South Korea's main financial regulator has affirmed its commitment to the current rule prohibiting financial institutions from introducing cryptocurrency exchange-traded funds (ETFs).
According to local media reports, an official from the Financial Services Commission (FSC) emphasized that the recent approval of spot bitcoin ETFs in the United States does not prompt the South Korean regulator to reconsider or lift the existing ban. The decision is grounded in the regulator's commitment to maintaining market stability and safeguarding investor interests.
Regulatory Landscape in South Korea
South Korea's Capital Markets Act presently confines the range of underlying assets for investment contract securities, including ETFs, to financial investment instruments, currencies, and ordinary commodities.
According to The Block, this framework excludes cryptocurrencies, as South Korea does not recognize them as financial assets. The country has barred financial institutions from investing in crypto since 2017.
Evolution of Crypto Regulations in South Korea
South Korea is in the process of crafting a two-part regulatory framework for cryptocurrencies. The initial part, passed last year, is slated to take effect in July 2024. This legislation represents the first step in establishing a comprehensive regulatory environment for cryptocurrencies. The second part aims to delineate clear rules governing the issuance, listing, and delisting of cryptocurrencies.

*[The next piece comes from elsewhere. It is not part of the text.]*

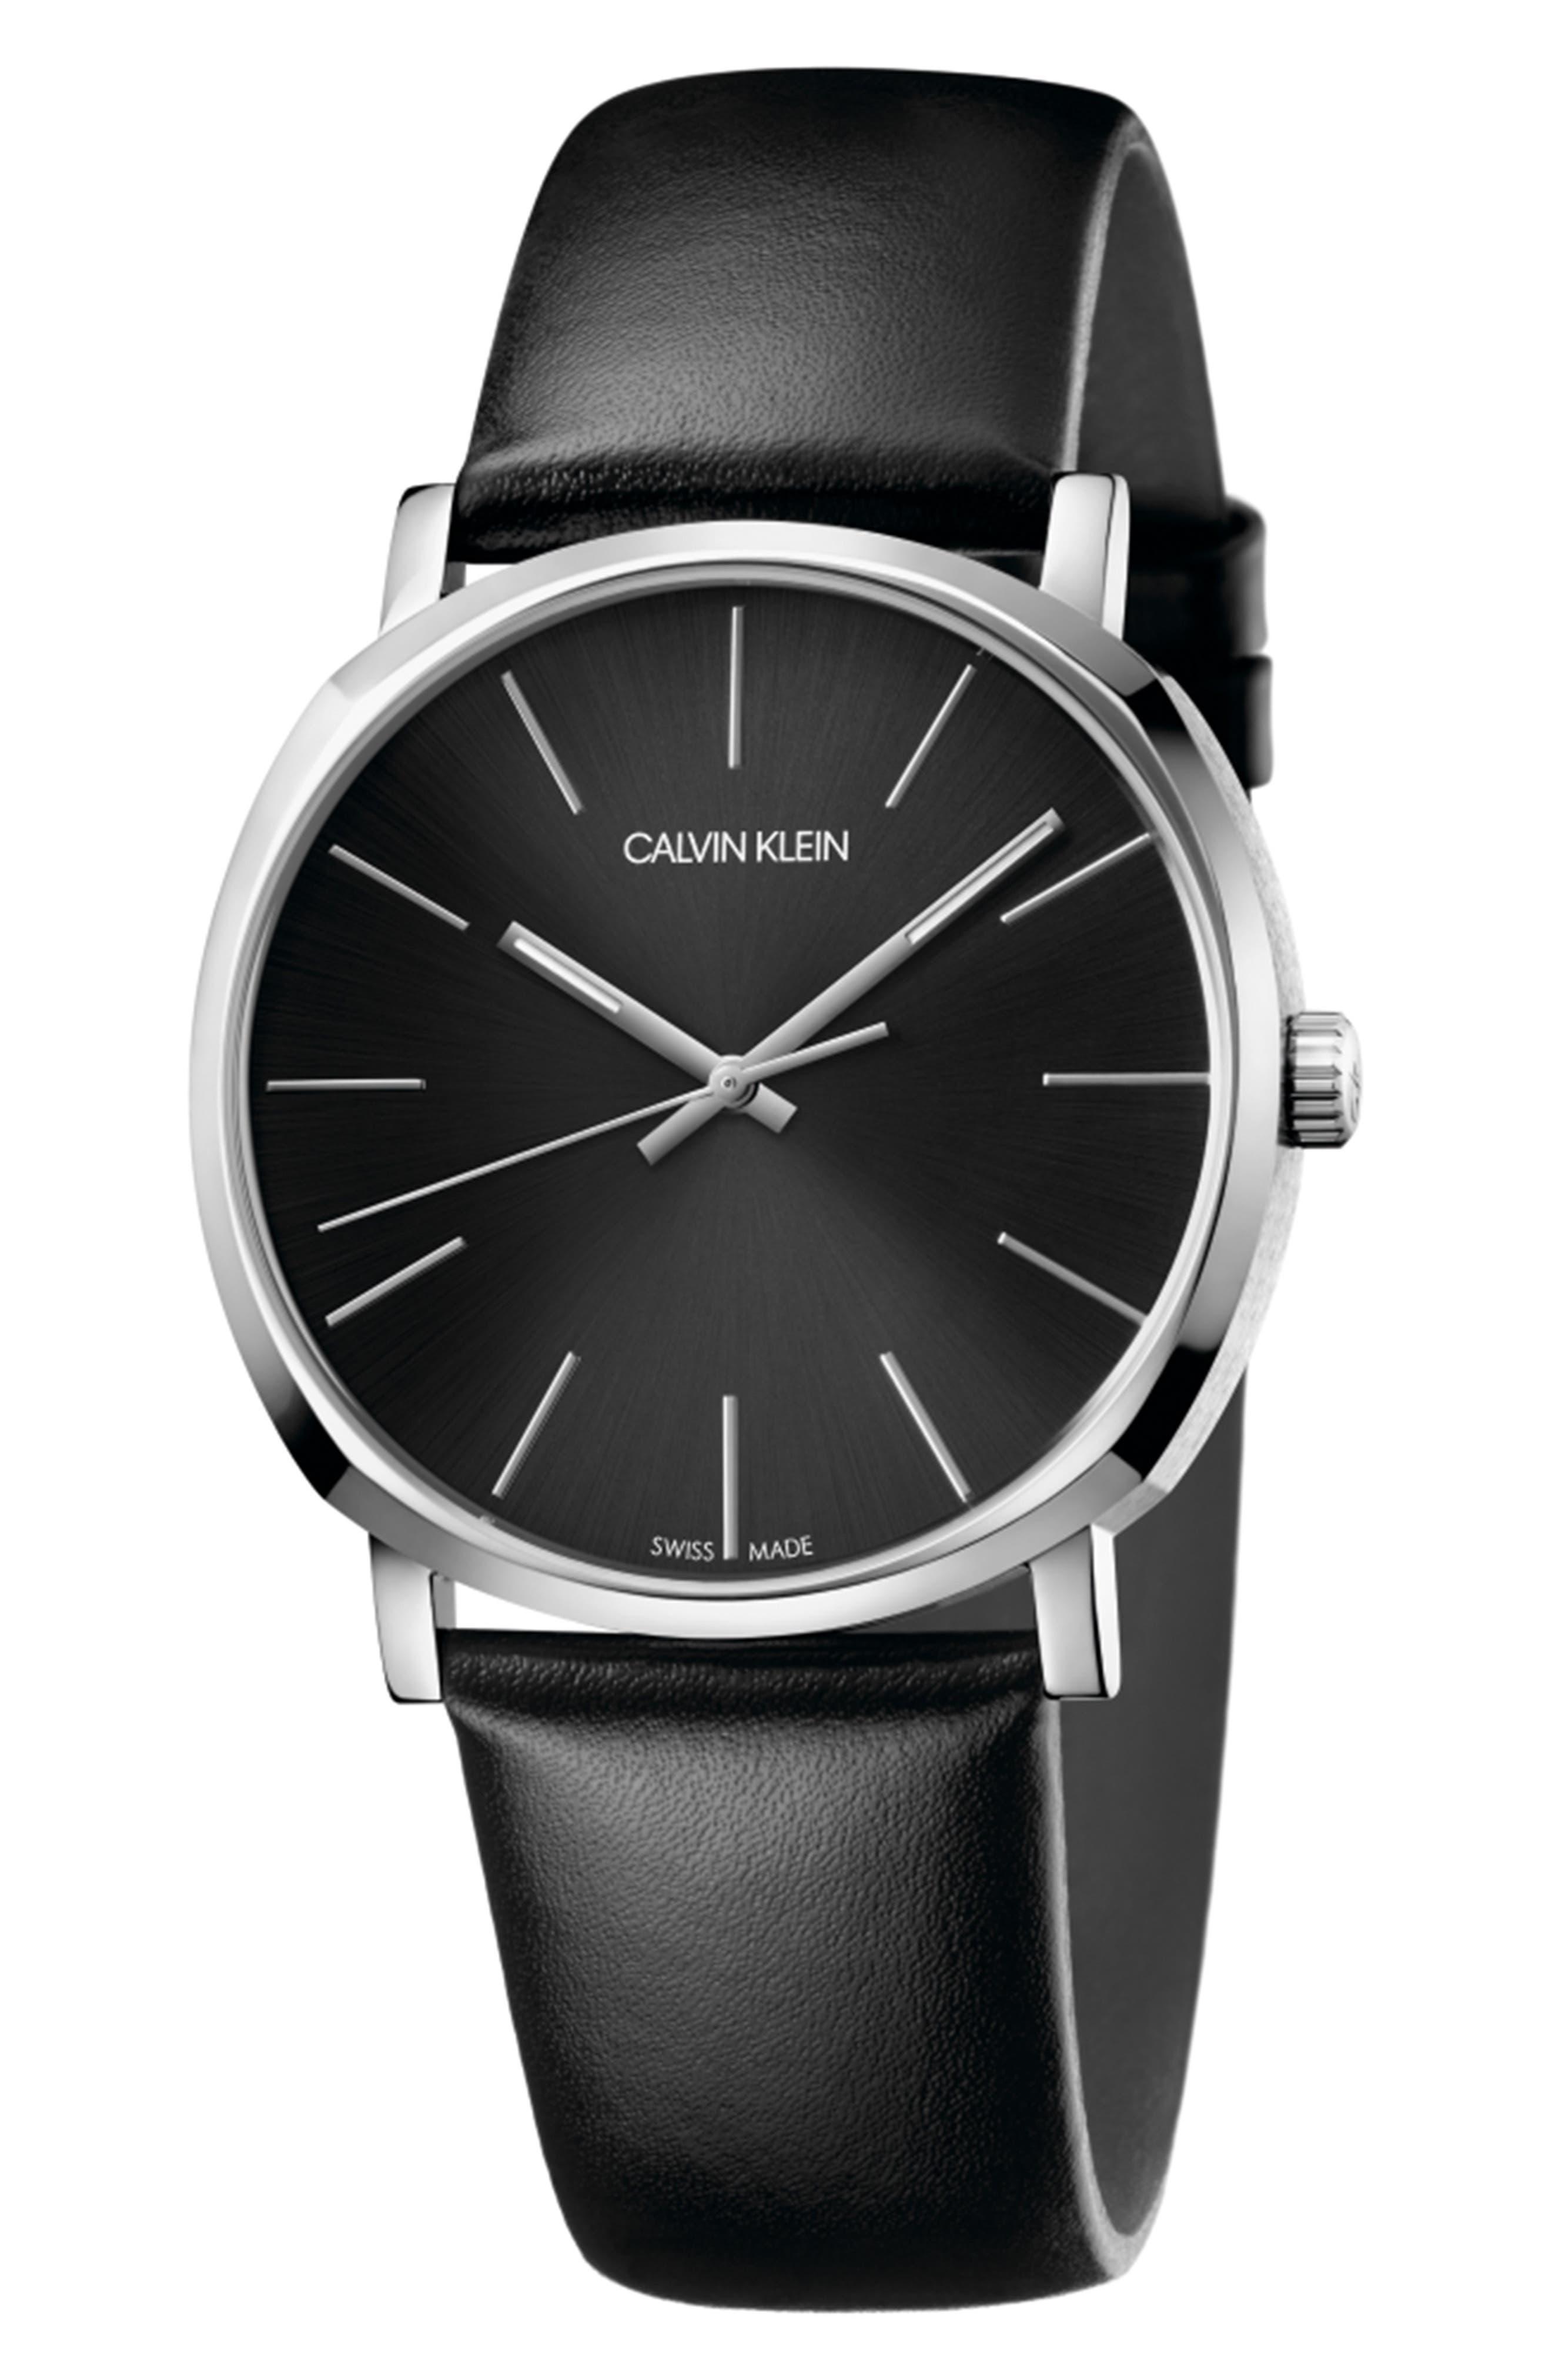 CALVIN KLEIN,                             Posh Leather Band Watch, 40mm,                             Main thumbnail 1, color,                             BLACK/ SILVER/ BLACK

Despite inquiries, the FSC has not yet responded to requests for comments on the matter, leaving the industry awaiting further insights into the regulatory stance in South Korea.
According to Watcher Guru, market participants remain vigilant for updates and clarifications as South Korea navigates the evolving landscape of crypto regulations. The commitment to a phased regulatory approach reflects the authorities' cautious approach to ensure effective oversight of the cryptocurrency sector while addressing emerging challenges and opportunities.